However, there is a lack of experimental evidence regarding how interactions between increasing HRT and vegetation affect nutrient retention and removal from agricultural runoff in aquatic agroecosystems. Most studies have relied on empirical observations [18,42]. This is in large part due to the substantial difficulty in replicating agricultural ditches under field conditions as well as challenges associated with controlling HRTs across ditches. In the current study, we used six simulated low-gradient agricultural ditches to experimentally test the influence of vegetation and HRT on metabolism, nutrient uptake, and potential water quality improvements. We tested the following hypotheses: (1) the presence of vegetation will increase rates of GPP, ER, and net nutrient uptake within simulated ditches; (2) increasing HRT will also increase rates of N and P fluxes; and (3) HRT and vegetation will positively interact to reduce nutrient export from ditch environments during nutrient loading events.

2. Materials and Methods

2.1. Study Site

A set of 6 artificial flumes at the University of Mississippi Field Station in Abbeville, MS was employed for this experiment (Figure 1A).
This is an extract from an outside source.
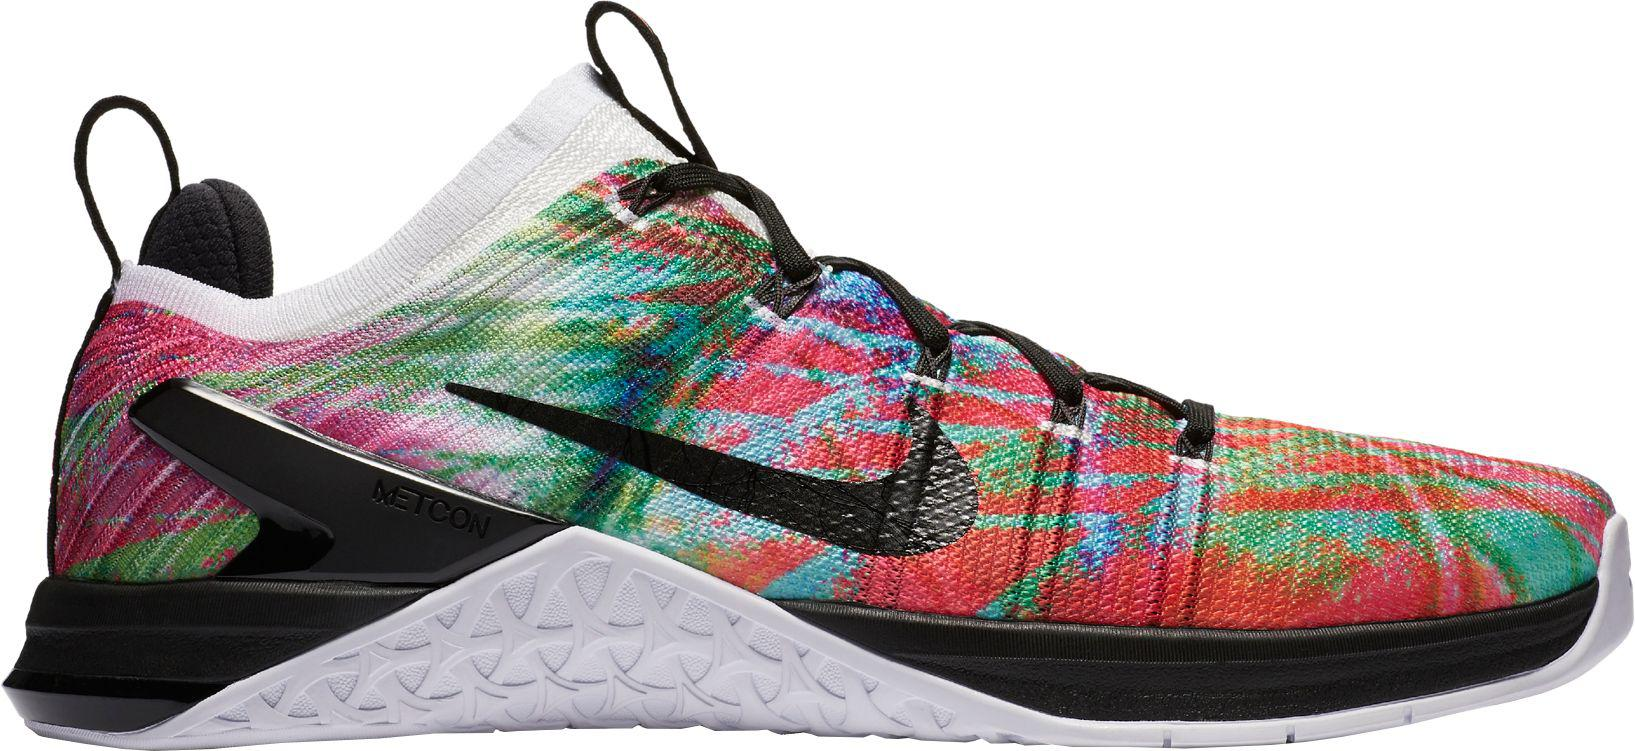 cdd84b8938b08e Nike - Multicolor Metcon Dsx Flyknit 2 Wodapalooza Training Shoes for Men -  Lyst

Flumes were designed to simulate shallow, low-gradient ditches or streams which drain farmed lands of the lower MAP. Each flume had a 0.34 m3 head pool followed by a sequence of run pool sections, where each section had a volume of 0.91 m3, resulting in a total volume of 3.96 m3 per flume. Flumes were filled with 1.54–1.74 m3 of a mixture of Dundee silty loam and Sharkey clay soil typical of the nearby MAP region to provide a relatively consistent sediment depth of ~5 cm across all sections. Water was supplied by a pond located ~50 m from our experimental setup. This water had stable nutrient concentrations (0.091–0.224 NO3-N mg L−1, 0.004–0.012 PO4−3-P mg L−1) and entered each flume through a PVC pipe at the main headpool and flowed through the run, pool, run, pool sequence before exiting through an outlet standpipe in the final pool. Outlet water flowed into a series of small wooded and vegetated wetlands. Half of the ditches (# 2, 3, and 6) were vegetated with Leersia oryzoides while the other half (# 1, 4, and 5) had bare soil (Figure 1B). Three months prior to the start of the experiment, L. oryzoides was planted at a density of approximately 132 stems m−2 (μ ± SE, 132 ± 27) from a nearby floodplain wetland complex area located on the field station property. We chose L. oryzoides as our experimental plant because our previous small-scale lab and mesocosm studies have demonstrated its potential to enhance nutrient removal [36]. The ditch complex was maintained with flowing water gravity fed by the nearby pond and monocultures in vegetated ditches were maintained by hand weeding.
We conducted three experimental loading events across all ditches on 3 different dates in a 15 d period. Each ditch was randomly assigned to one of 3 HRT so that over the 3 sampling events, each ditch experienced a 2, 4, and 6 h residence time [43]. HRTs were set manually with PVC spigot structures and verified with conductivity tracer tests [43]. During each nutrient loading event we dripped a solution of 17.92 and 8.3 g L−1 of NaNO3 and KPO4 into each ditch at a constant rate with a peristaltic pump. Pumps were calibrated to deliver nutrient stock solution at 5 mL min−1 into the headpool of each drainage, where the solution could mix thoroughly with the inflow water. We purposely loaded all ditches (15.5 ± 0.6 and 9.9 ± 0.4 g of NO3-N and PO4-P, respectively; Table 1) at the same rate regardless of HRT treatment to better separate the effects of HRT on reduction in a specific load. We acknowledge that this creates different nutrient concentrations experienced by experimental ditches under each HRT treatment. The estimated expected nutrient concentrations for each HRT treatment were 1, 2 and 4 mg L−1 NO3-N and 0.5, 1 and 2 mg L−1 PO4−3-P for HRT 2, 4 and 6, respectively.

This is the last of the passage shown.